# Pulled string

1. Nov 19, 2014

### Ange98

1. The problem statement, all variables and given/known data
A string of length L, which is clamped at both ends and has a tension T , is pulled aside a distance h at its center and released. a) What is the energy of the subsequent oscillations? b) How often will the shape shown in the figure reappear? (Assume that the tension remains unchanged by the small increase of length caused by the transverse displacements.) [Hint: In part (a), consider the work done against the tension in giving the string its initial deformation.]
Picture here:
http://ocw.mit.edu/courses/physics/...nit-ii-waves/pset-5/MIT8_03SCF12_OCW_PS05.pdf

2. Relevant equations:
This is part of my problem.. I have no idea what equations I should be working with.

3. The attempt at a solution
Tried using work and energy but I couldn't get any where with it. I have the answer though it is:
TL[ sqrt(1+ (2h/L)^2) + 1 ]
and b is every 2(ML/T)^(1/2) seconds.
Any help is greatly appreciated!!

Last edited by a moderator: Nov 19, 2014
2. Nov 19, 2014

### Orodruin

Staff Emeritus
How did you try to apply work and energy? In order for us to help you, you need to provide the details for us to see where you went wrong. Otherwise we do not know exactly where you got stuck or if you are thinking in completely wrong terms. (It is also required by the forum rules - see Guidelines for students and helpers.)

3. Nov 19, 2014

### Ange98

OKay so my textbook doesn't have examples and I have a very hard time understanding my prof so these are the formulas that I'm thinking may apply somehow:
E=KE+U
but it says work done against tension so W=Fd=Th? and thats all I can pull out of that.
Then I have the standing wave equations so PSI(x,t)=Acos(wt-kx) and mu=M/L and v = sort (T/mu) but theres no M here , andU=1/2 kx^2 , KE=1/2mv^2 , I tried using PSI's derivative with respect to t but the thing is I dont actually understand this question. There was only two pages of reading for this section and energy was not mentioned.

4. Nov 19, 2014

### Orodruin

Staff Emeritus
Careful here, the tension direction is not in the same way you are pulling.

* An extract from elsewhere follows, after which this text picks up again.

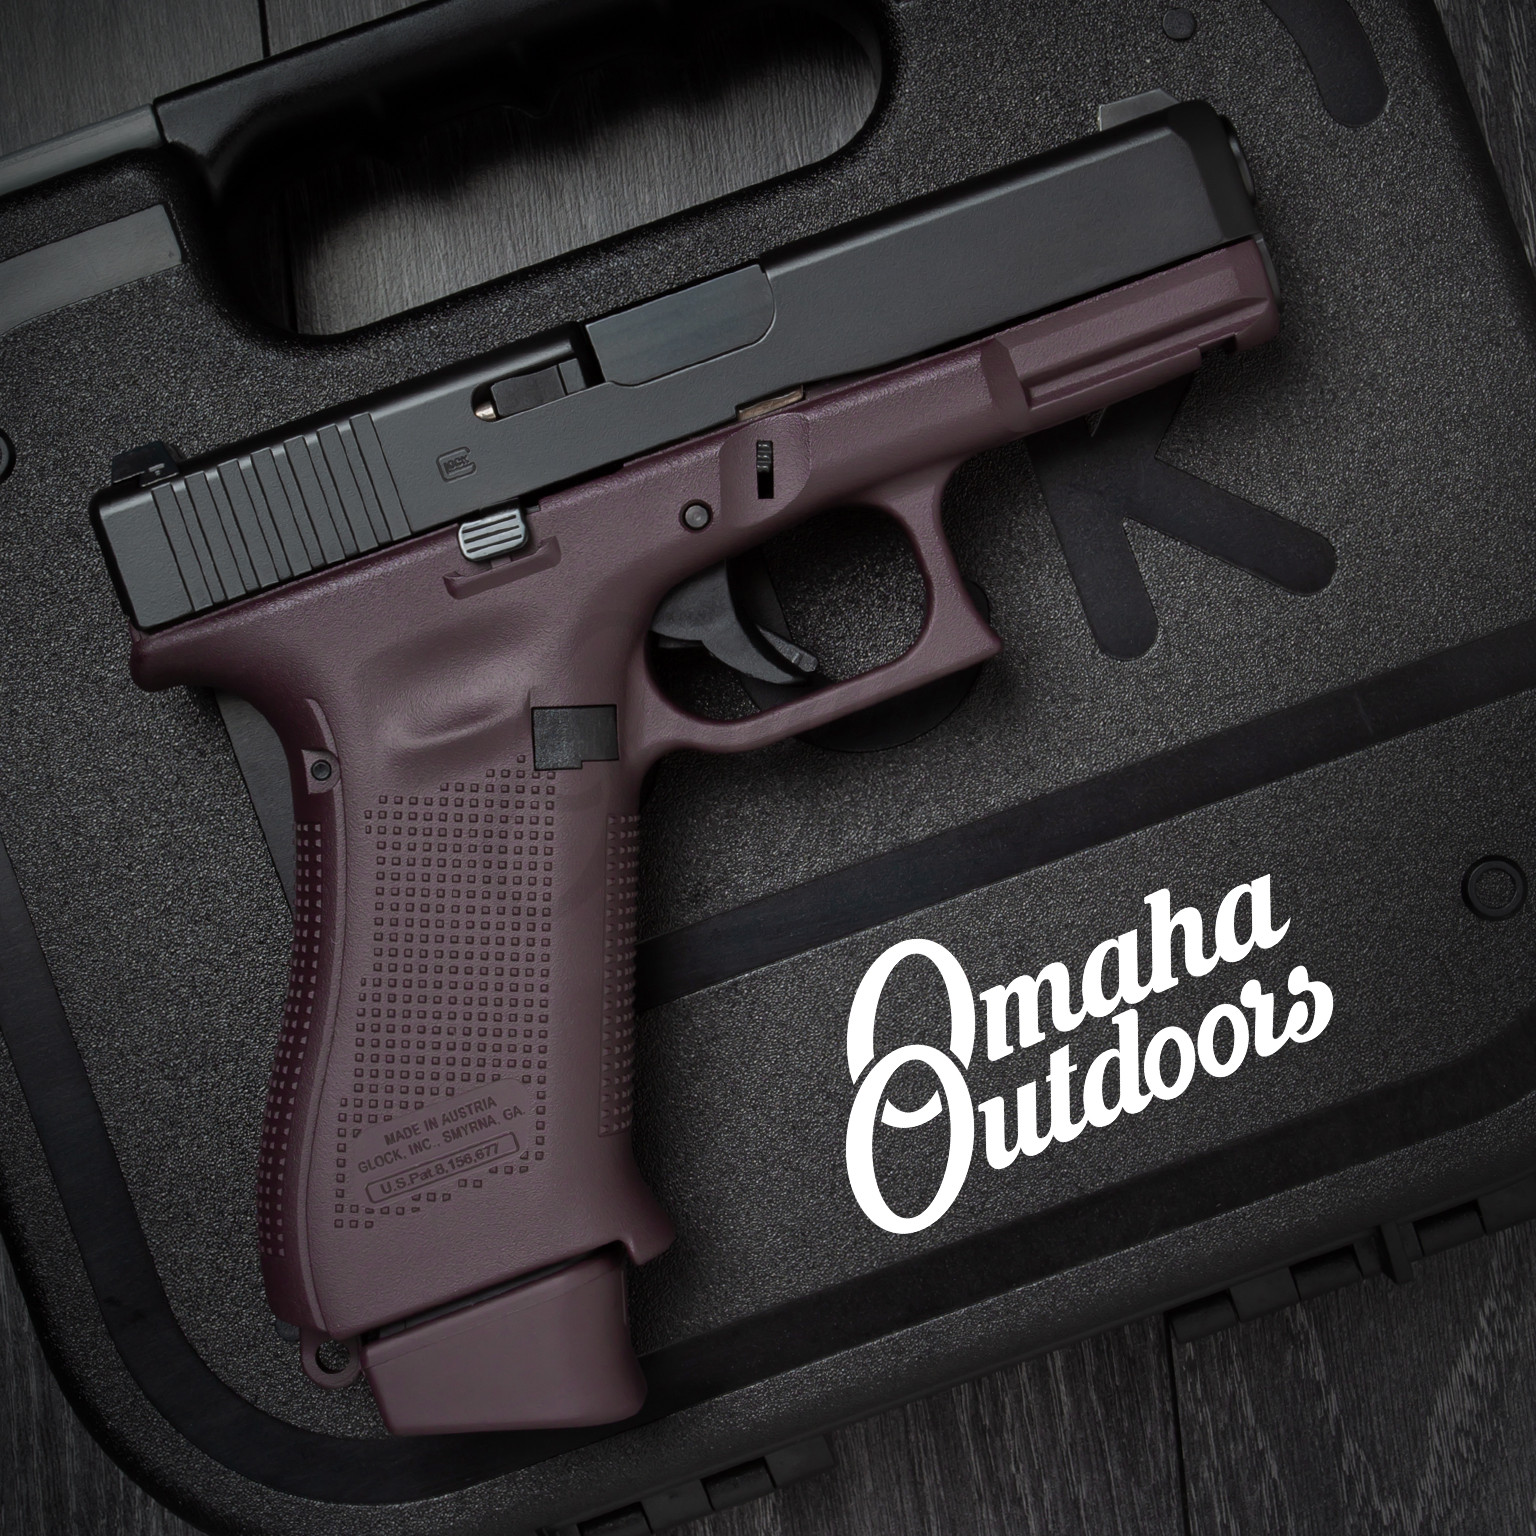 Glock 19X Gen 5 Plum Pistol Black Slide 9mm 17, 19 RD Night Sights  PX1950703-PLM-FR-FBK-SL
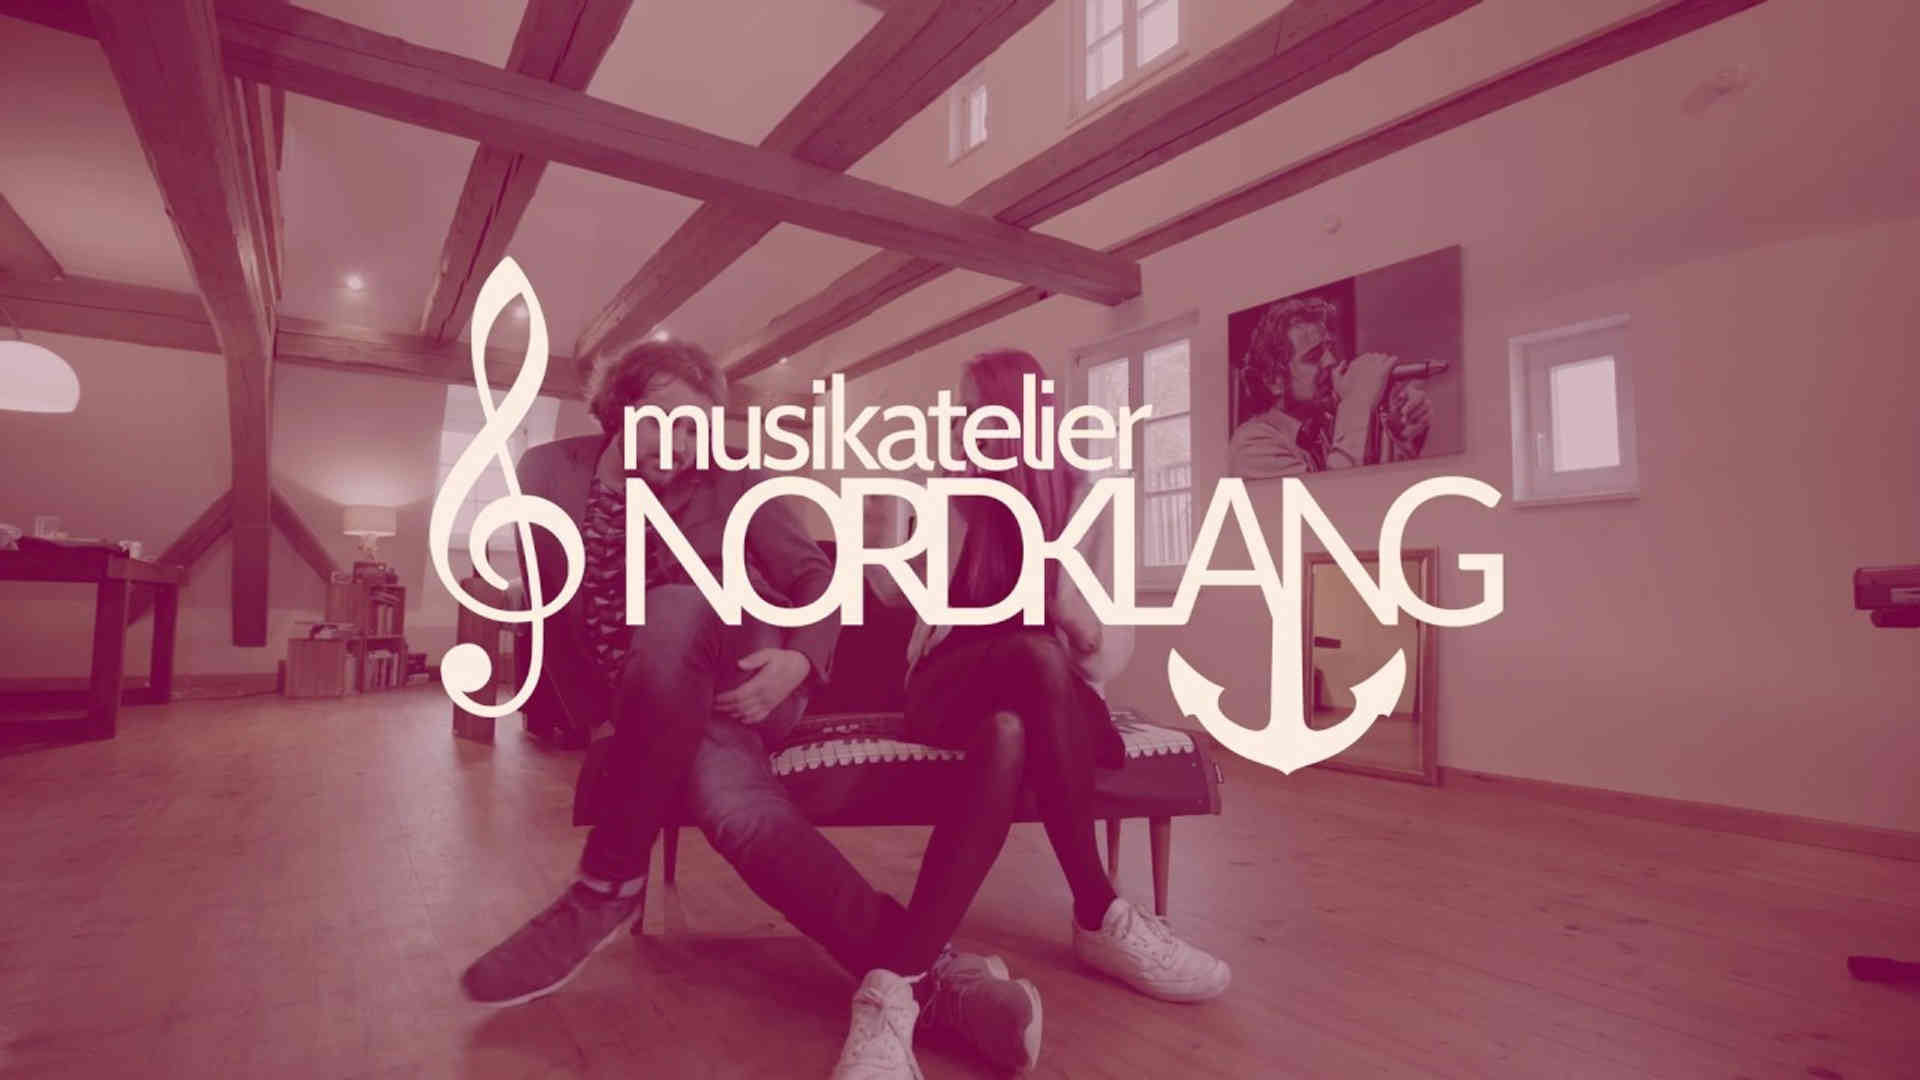 Musikatelier Nordklang

If you have the work done to pull the string out, what is the kinetic energy at the moment of release?

5. Nov 19, 2014

### Ange98

So the tension is directed along the string away from where its being pulled? And W=KEfinal-KEinitial. Here I feel like you would have potential energy but no kinetic, but in my diagram from class at the maximum displacement its all kinetic ( if I'm reading it right) so is the kinetic equal to the work which is the total energy?

6. Nov 19, 2014

### Orodruin

Staff Emeritus
In the moment you release the string, it is at rest so the kinetic energy is ....?

There are essentially two different ways for arguing for the work done on the string. Naturally, they should both give the same answer. The easiest is probably to consider the (negative of the) work done by the string on whatever is providing the external force that is extending the string.

7. Nov 19, 2014

### BiGyElLoWhAt

yes
Not quite. Conservation of energy: $KE_i + U_i \pm \Delta W = KE_f + U_f$
Solve for W
I think you're misreading it. Think about the motion of the string. What's it's velocity as it approaches the peak? What's it's velocity as it approaches the center from the peak? Now what values must it cross in order to satisfy the fact that it's oscillation is a continuous function?

8. Nov 19, 2014

### Ange98

Okay I couldn't understand why the diagram showed that because i was quite sure KE would be 0, but my prof is foreign and very tough to understand so I must have mixed that up. I'll just hope my prof is there tomorrow because I truly do not understand this and I feel like I'm just getting jerked around on here which is not helping whatsoever. I'm going into this problem not having a clue where to go with it and everyones just tossing a few fragments in which doesn't help. You dont have to do all the math but walking me through it wouldn't hurt. I just want to understand.

9. Nov 19, 2014

### BiGyElLoWhAt

People tend to understand things better when they solve them by themselves, with people guiding them in the proper direction. It's the socratic method. No ones jerking you around, but if you don't want us to help you and you'd rather your prof tell you how to do it, that's perfectly fine.

10. Nov 19, 2014

### Orodruin

Staff Emeritus
On the contrary I would say that you have been given a few very explicit cornerstones to build a solution on. Take this one for example:
There are several questions you can ask yourself about this statement, mainly "What is the force from the tension on an object holding the string extended in the middle?" and "What is the relevant displacement?". You will learn at a much more profound level if you take some time to think about these questions and try to deduct an answer than if we simply give those answers to you. If you try and fail, that is not a problem, give us your attempt and we can tell you where you go wrong.